In recent years, as the country has been through one political convulsion after another,nostalgia for the military regime – and calls for a military intervention – has steadily grown. Soaring gang violence,corruption scandals ensnaring a succession of presidents, the impeachment of one and the imprisonment of another: All of it contributed to the feeling that Brazil had lost control. A strong, even authoritarian, hand was needed to right things.
Bolsonaro tapped into that political current, riding it from the fringes to the presidency. The military, which once considered him an eccentric who didn’t represent its ranks, quickly fell in behind his bid.
“The root of this problem now was the moment that military legitimized the candidacy of Bolsonaro,” Filho said. “But why did the armed forces, and particularly the military, accept this? They did because they saw in him their only possible chance for the right to claim victory.
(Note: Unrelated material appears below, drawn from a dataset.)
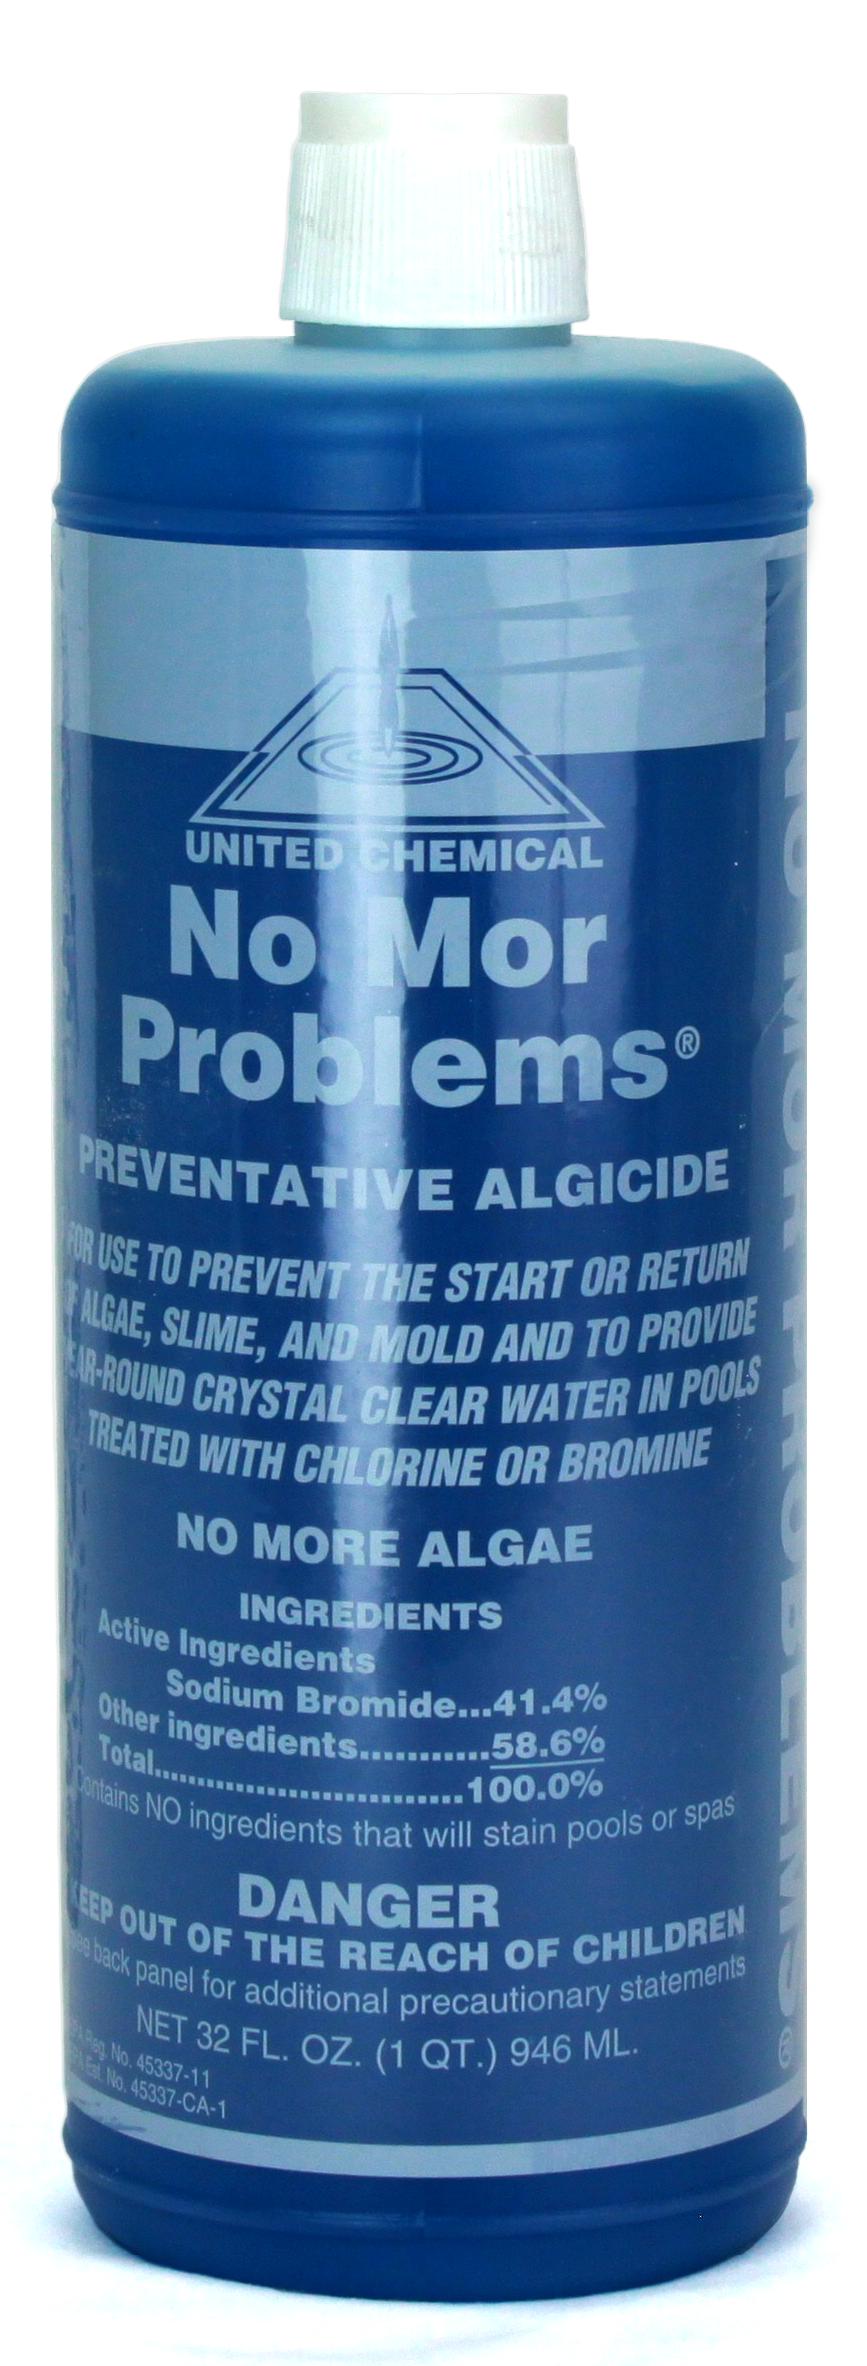 No Mor Problems Preventative Algaecide 32 Oz

The military is conservative and has always been hurt that it was removed from politics.”
But how Bolsonaro has suddenly thrust it back into politics – in the middle of a pandemic, as extremists call for a takeover – isn’t what many in its ranks wanted, analysts and former commanders said.
Roberto Sebastião Peternelli Junior, a former general who’s now a congressman, said there was no legal basis for either the removal of Bolsonaro or a military takeover. Nearly everyone in the Armed Forces, he said, agreed with him.
“All of us in the reserve, we were schooled in the same principles of ethics and morals,” he said. “I can’t see the military acting in any other way.”